Karen Wiltshire

Personal information
- Nationality: English
- Born: 22 February 1956 (age 70)
- Occupation: Jockey

Horse racing career
- Sport: Horse racing
- Career wins: 1

Significant horses
- Friday 13th, The Goldstone, Somers Heir

= Karen Wiltshire =

English jockey (born 1956)

Karen Wiltshire (born 22 February 1956) is an English former jockey. In 1978 she became the first female professional jockey to win a British Flat race.

==Early life==
Wiltshire was educated at a private convent school. As a child, she competed in showjumping and cross-country riding, while also taking lessons in judo.

==Career==
Wiltshire's racing career began when she was hired as an apprentice to trainer Bill Wightman. In 1978, of her apprenticeship, she said "I had my chance with the Equal Opportunities law two years ago. I applied to join Mr Bill Wightman and he gave me a trial."

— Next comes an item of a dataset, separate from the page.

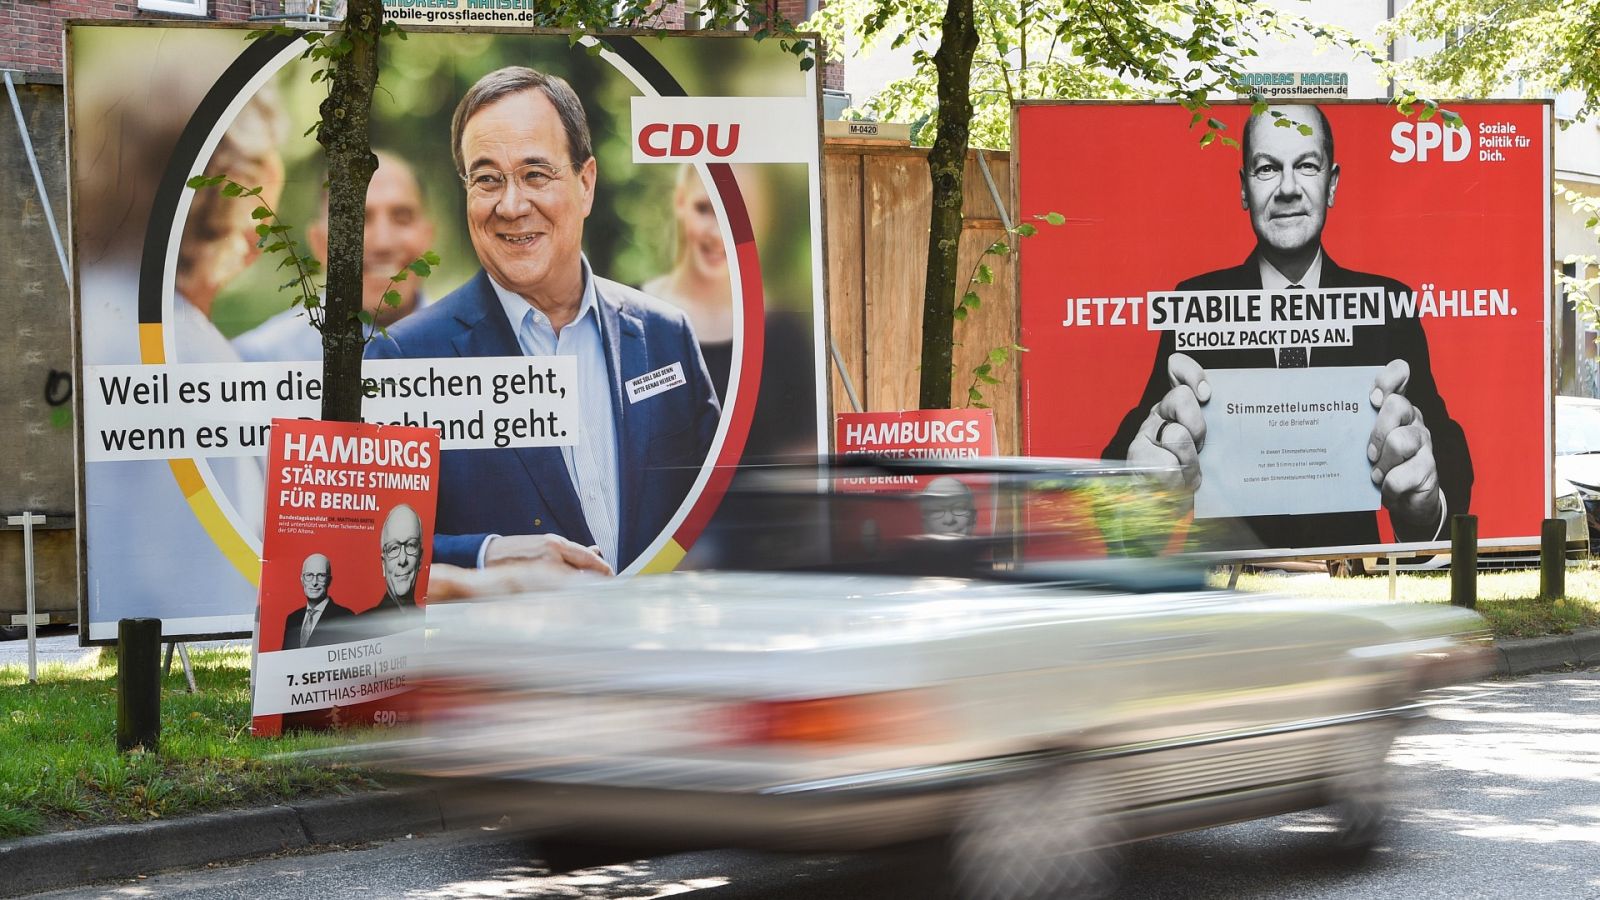 Vuelco en las encuestras en Alemania: el SPD, en cabeza
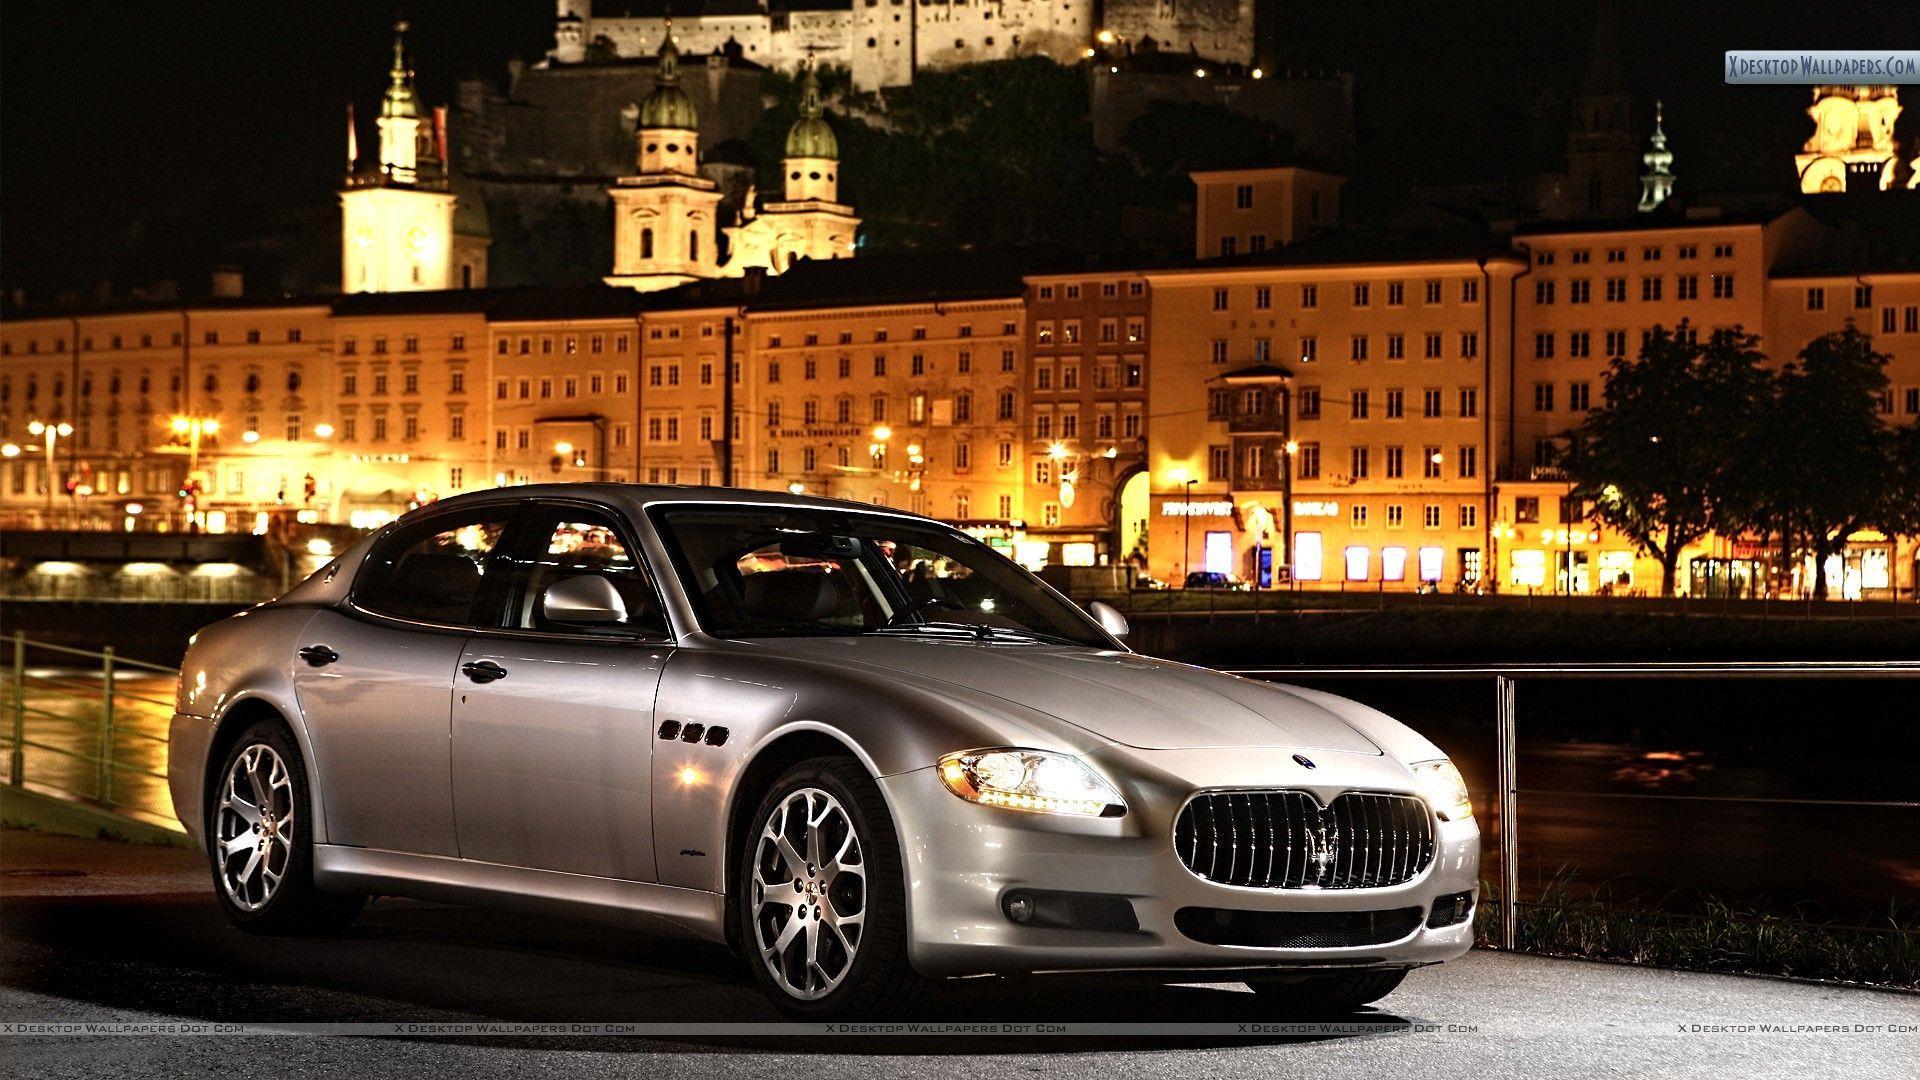 Maserati Quattroporte Wallpaper, Photo & Image in HD

In 1977, she made her racing debut at Newbury, riding on Friday 13th, trained by Wightman. The following year, she was chosen to ride The Goldstone, a horse owned by Lady Pakenham, at Bath, missing out on second place in a photo finish.

On 14 September 1978, aged 22, Wiltshire and The Goldstone won the Winterbourne Handicap at Salisbury, making her the first winning professional female jockey in Britain. It remained the only win of her professional career, and despite her historic success Wiltshire was forbidden from speaking to the press under the terms of her apprenticeship agreement.

In 1979, Wiltshire, on Somers Heir, finished second to Walter Swinburn in a televised race at Epsom after a photo finish, becoming the first female jockey to ride at the racecourse.

Even after her win she "couldn't get the rides" in England, so she moved to Bay Meadows Racetrack, California, in late 1979. Of her time there she said, "I had a couple of races there, but it was in the 70s and was all very hippyish and I just didn't like it, so came back." She subsequently retired, with a record of 18 rides, including one win, one second-place and three third-place finishes.

===Sexism===
Wiltshire has spoken about the many examples of casual sexism she experienced in her career, including being regularly overlooked for rides, and being forced to share a changing room with male jockeys due to a lack of female facilities. At Bill Wightman's insistence, she cut her hair short, wore no make-up, and was entered into races as "K. Wiltshire".

In 2024, she told BBC Sport that as well as verbal abuse and ridicule, she had once been physically sexually assaulted in the changing rooms at Warwick by a fellow jockey, and on a separate occasion hit on the bottom with a riding crop mid-race.

==Post-retirement==
After retiring, Wiltshire began working in her father's property development business. She was offered a position as first jockey at Karl Zivna's racing club in Vienna, but chose to continue with her business career instead. As of 2024, she works as a fitness instructor at her own gym in Hampshire, England.

==Personal life==
Wiltshire is the daughter of a Hampshire farmer. She has one daughter, Lara, a yacht racer. In 2024, she published her autobiography, No Place For A Girl, written with Nick Townsend.